Username Grapheme to Phoneme Transformer
Better username pronunciation for Text-to-Speech
I’ve been running text-to-speech on my Discord bot for almost 8 years now. I mainly use it to announce when users join/leave a channel, similar to how Ventrillo works. I started out using gTTS, but later moved to using free ElevenLabs credits whenever available (still defaulting back to good old gTTS when the credits run out). While the TTS is pretty good, it still has trouble pronouncing some usernames. I thought this might be a great time to try training a Seq2Seq transformer model, taking usernames as input and outputting some kind of pronunciation data.
I quickly found the CMU Pronouncing Dictionary, a well-established mapping of words to a special phonetic alphabet, called an ARPAbet. Additionally, Python’s nltk module also allows easy access to the dataset. I also found a data set of 10 million usernames, originally for security research, but I thought it might be useful to specifically train a model to pronounce usernames, instead of general words.
I started with a Google Colab instance, running on a Tesla T4 GPU, with high RAM. We install the required libraries, including the extra torch libraries to allow for CUDA support.
# Install PyTorch
%pip install torch torchvision torchaudio
# Install other dependencies
%pip install numpy pandas nltk elevenlabs requests
Next, we download the CMU Pronouncing Dictionary
import nltk
nltk.download('cmudict')
This might take a few minutes. Once it’s done, we can download the usernames dataset. For reasons I’ll explain later, I’m only going to download the first 750,000 usernames.
url = "https://raw.githubusercontent.com/danielmiessler/SecLists/master/Usernames/xato-net-10-million-usernames.txt"
response = requests.get(url)
response.raise_for_status() # Raise an exception for bad status codes
usernames = response.text.splitlines()[:750_000]
print(f"Downloaded {len(usernames)} usernames.")
We need to preprocess the usernames, removing any special characters, numbers, converting common spacers to actual spaces, and setting them to lowercase.
import re
def normalize_username(username):
# Convert to lowercase
username = username.lower()
# Replace numbers with words
num_to_word = {
'0': ' zero ', '1': ' one ', '2': ' two ', '3': ' three ',
'4': ' four ', '5': ' five ', '6': ' six ', '7': ' seven ',
'8': ' eight ', '9': ' nine '
}
for num, word in num_to_word.items():
username = username.replace(num, word)
# Replace special characters with spaces
username = re.sub(r'[\W_]+', ' ', username)
# Remove extra spaces
username = re.sub(r'\s+', ' ', username).strip()
return username
We need to make sure we only include usernames that have a pronunciation in the CMU Pronouncing Dictionary. We can do this by checking if the username is in the dictionary. Additionally, multiple pronunciations are possible for a single word, so we’ll only use the first one.
def get_phonemes(word):
phonemes_list = cmu_dict.get(word)
if phonemes_list:
return phonemes_list[0] # Use the first pronunciation
else:
return None # Only show usernames that have correct phonemes
Finally, we can process each username, and get the corresponding phonemes.
def username_to_phonemes(username):
normalized = normalize_username(username)
words = normalized.split()
phonemes = []
for word in words:
phoneme = get_phonemes(word)
if phoneme:
phonemes.extend(phoneme)
return phonemes
Now we can finally preprocess the usernames and get the phonemes.
input_sequences = []
target_sequences = []
for username in usernames:
input_seq = list(normalize_username(username))

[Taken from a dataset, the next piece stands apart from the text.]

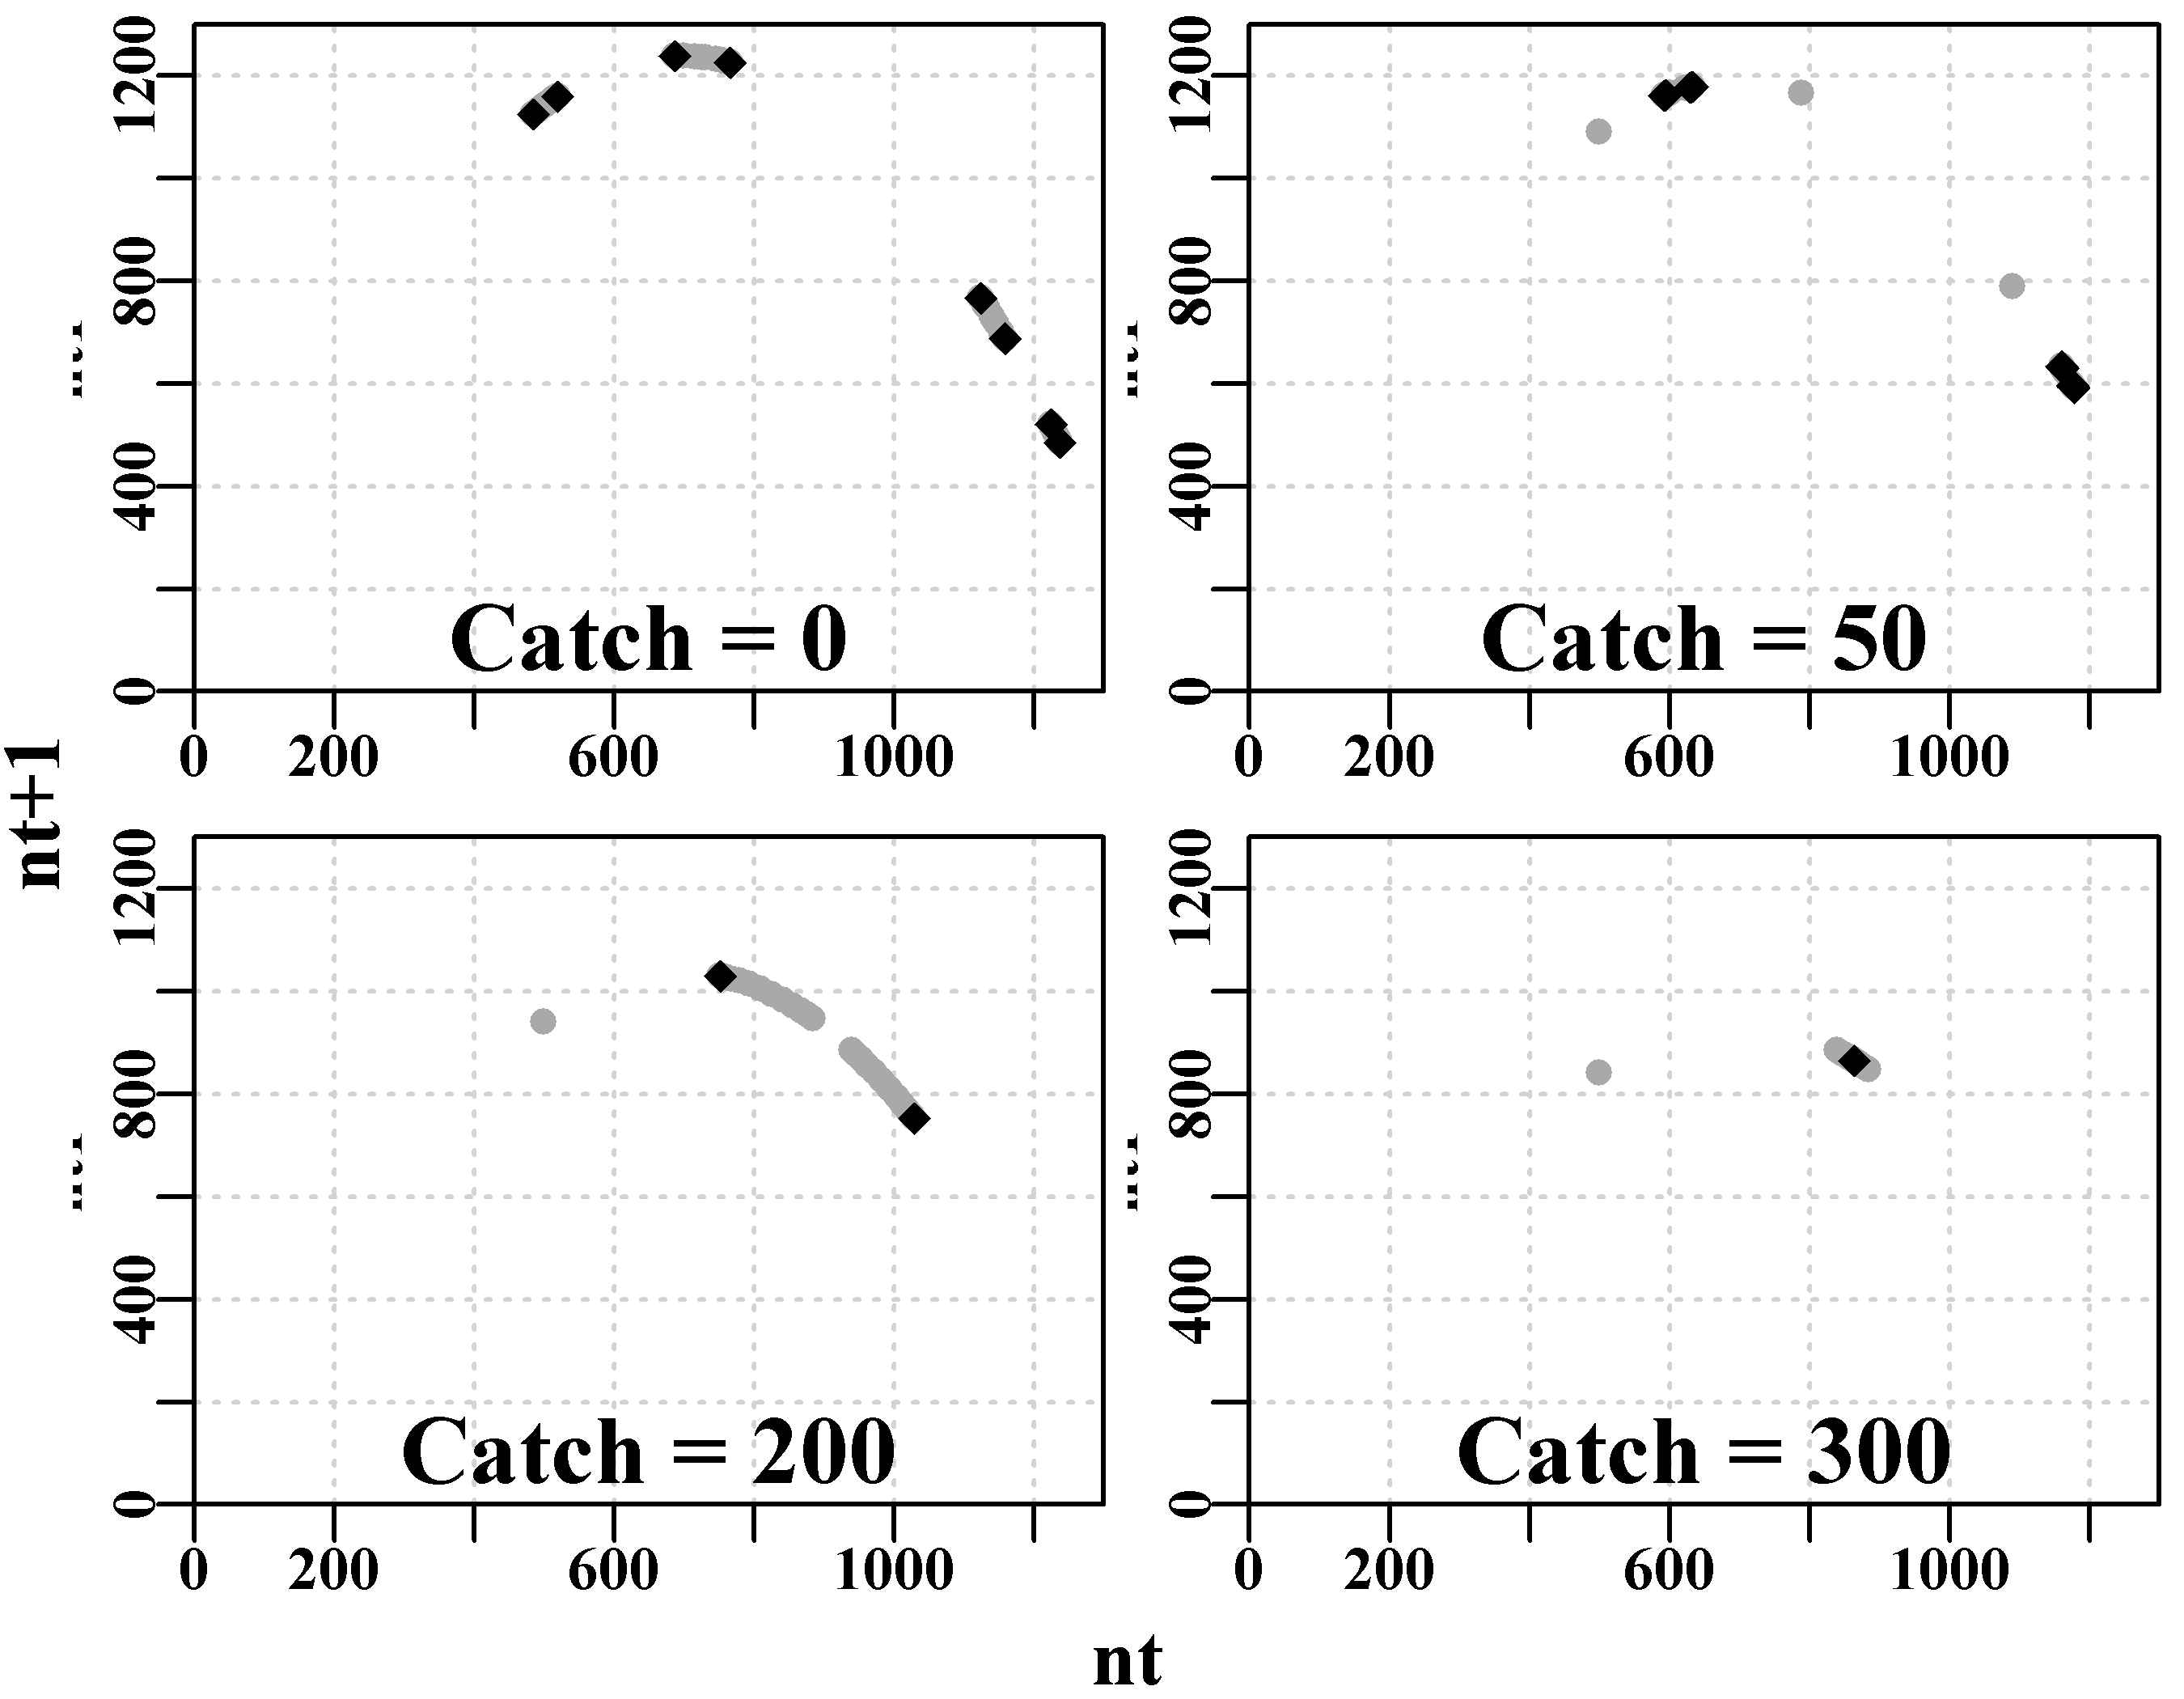 Schaefer model dynamics. Phase plots for each of the four constant catch scenarios.

target_seq = username_to_phonemes(username)
if target_seq:
input_sequences.append(input_seq)
target_sequences.append(target_seq)
We need to pad the sequences to the same length, and get the characters of both the input and output sequences.
# Character Vocabulary
char_counter = Counter([char for seq in input_sequences for char in seq])

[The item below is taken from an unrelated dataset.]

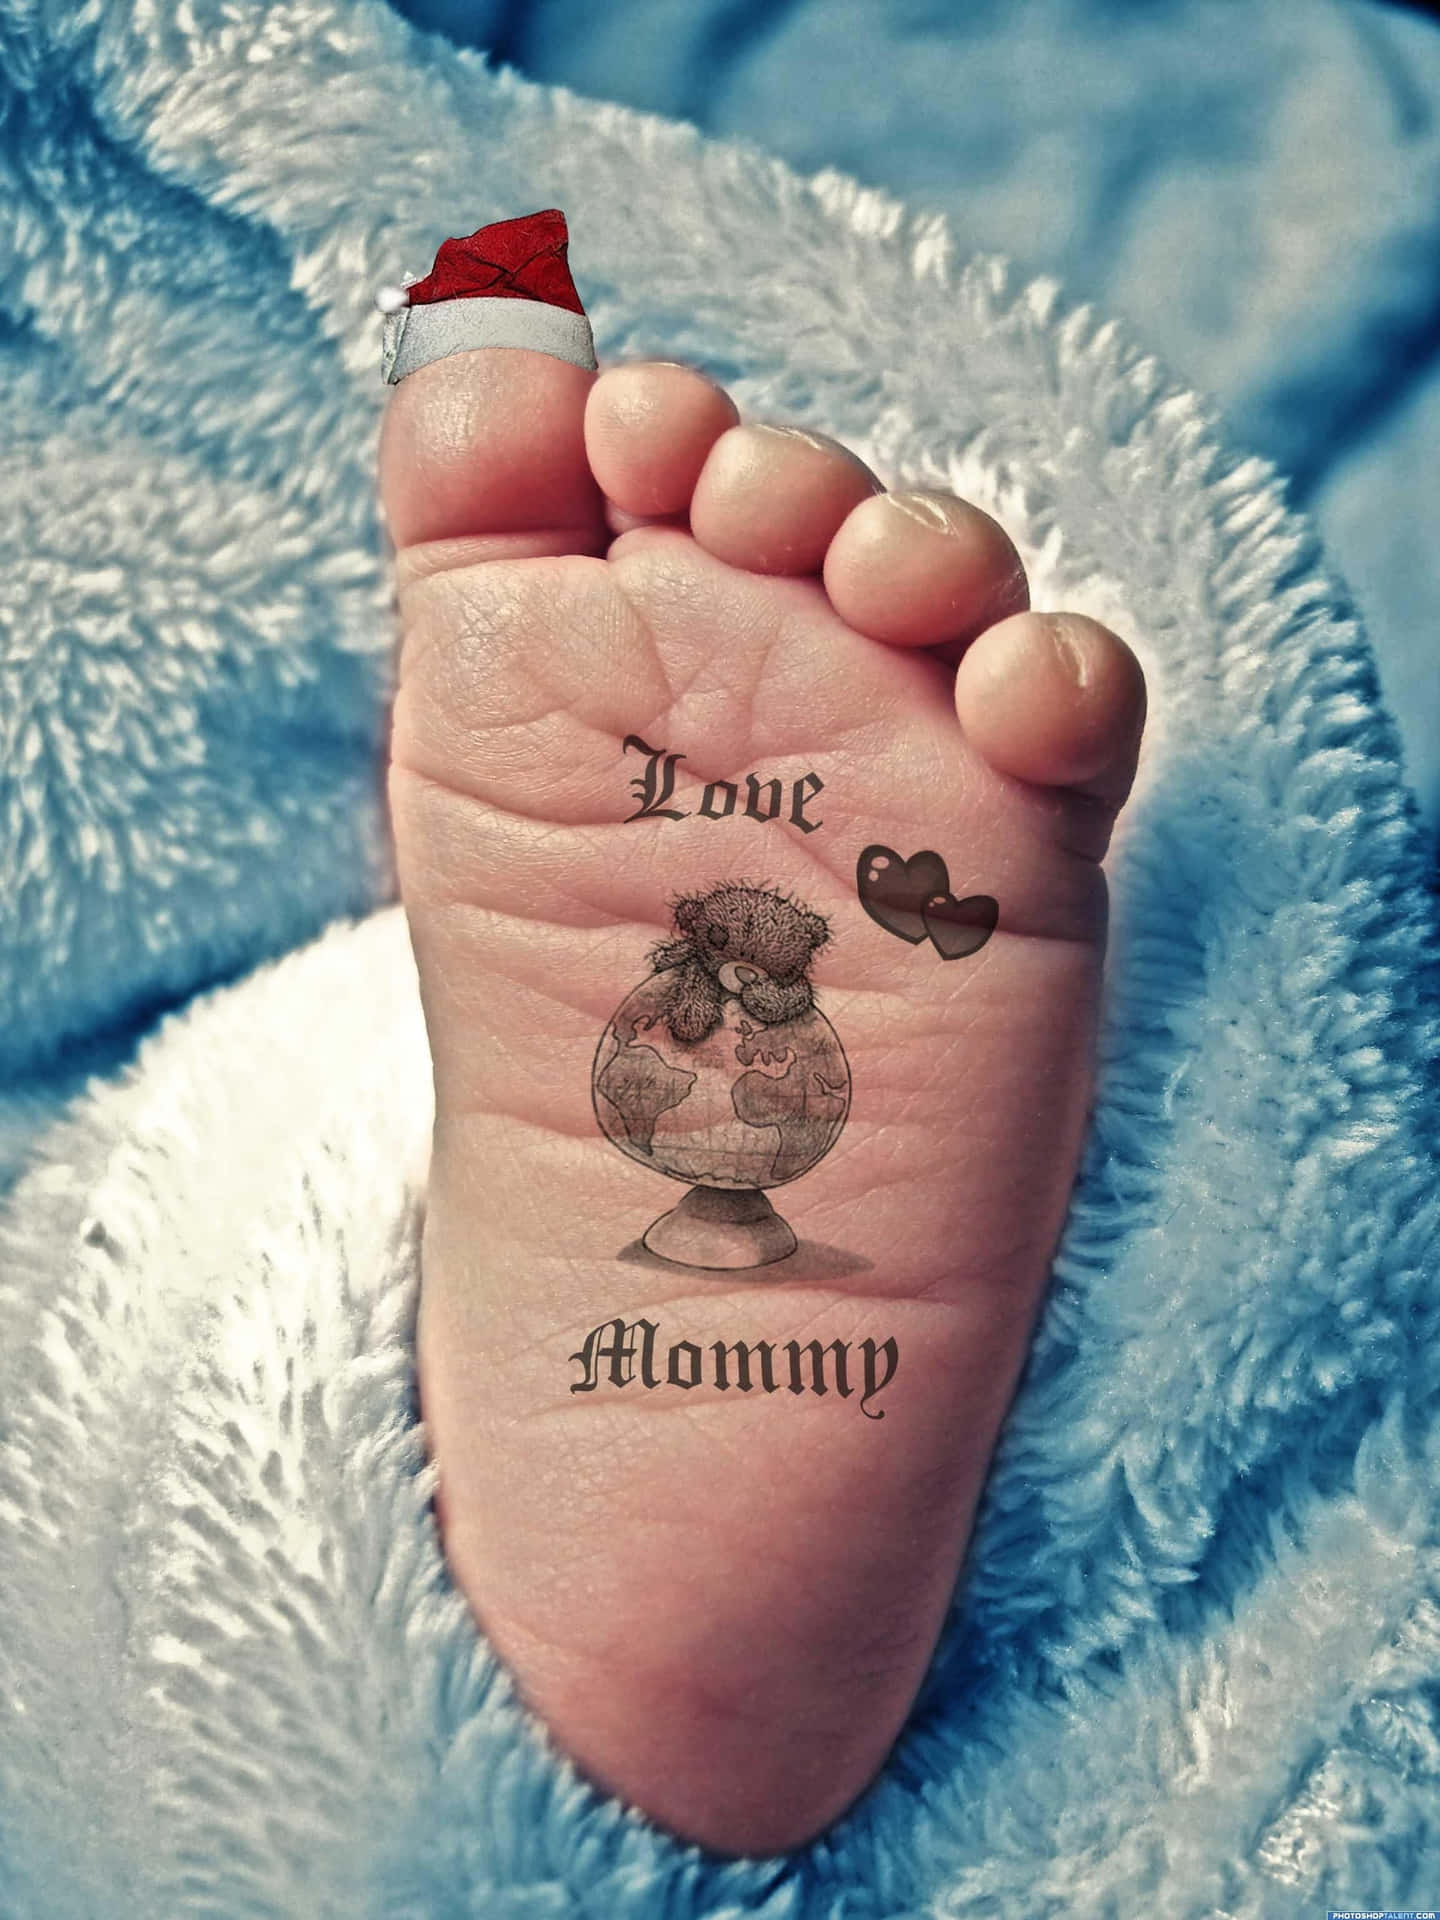 A Baby's Foot With A Santa Hat On It

char_list = ['<pad>'] + sorted(char_counter.keys())
char_vocab = {char: idx for idx, char in enumerate(char_list)}
# Phoneme Vocabulary
phoneme_counter = Counter([phoneme for seq in target_sequences for phoneme in seq])
phoneme_list = ['<pad>', '<sos>', '<eos>'] + sorted(phoneme_counter.keys())

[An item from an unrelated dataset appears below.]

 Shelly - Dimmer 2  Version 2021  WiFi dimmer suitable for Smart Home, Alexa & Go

phoneme_vocab = {phoneme: idx for idx, phoneme in enumerate(phoneme_list)}
def encode_sequence(seq, vocab, max_len, add_special_tokens=False):
encoded = [vocab.get(token, vocab['<pad>']) for token in seq]
if add_special_tokens:
encoded = [vocab['<sos>']] + encoded + [vocab['<eos>']]
# Trim or pad the sequence to max_len
encoded = encoded[:max_len] + [vocab['<pad>']] * max(0, max_len - len(encoded))
return encoded
max_input_len = max(len(seq) for seq in input_sequences)
max_target_len = max(len(seq) for seq in target_sequences) + 2 # For <sos> and <eos>
encoded_inputs = [encode_sequence(seq, char_vocab, max_input_len) for seq in input_sequences]
encoded_targets = [encode_sequence(seq, phoneme_vocab, max_target_len, True) for seq in target_sequences]
We can now create a simple PyTorch dataset and dataloader to handle the data.
class UsernameDataset(Dataset):
def __init__(self, inputs, targets):
self.inputs = torch.tensor(inputs, dtype=torch.long)
self.targets = torch.tensor(targets, dtype=torch.long)
def __len__(self):
return len(self.inputs)
def __getitem__(self, idx):
return self.inputs[idx], self.targets[idx]
dataset = UsernameDataset(encoded_inputs, encoded_targets)
data_loader = DataLoader(dataset, batch_size=64, shuffle=True)
We’ll create the encoder, attention, and decoder blocks.
import torch
import torch.nn as nn
class Encoder(nn.Module):
def __init__(self, input_dim, emb_dim, hid_dim):
super().__init__()
self.embedding = nn.Embedding(input_dim, emb_dim, padding_idx=char_vocab['<pad>'])
self.gru = nn.GRU(emb_dim, hid_dim, batch_first=True)
def forward(self, src):
embedded = self.embedding(src)
outputs, hidden = self.gru(embedded)
return outputs, hidden
class Attention(nn.Module):
def __init__(self, hid_dim):
super().__init__()
self.attn = nn.Linear(hid_dim * 2, hid_dim)
self.v = nn.Linear(hid_dim, 1, bias=False)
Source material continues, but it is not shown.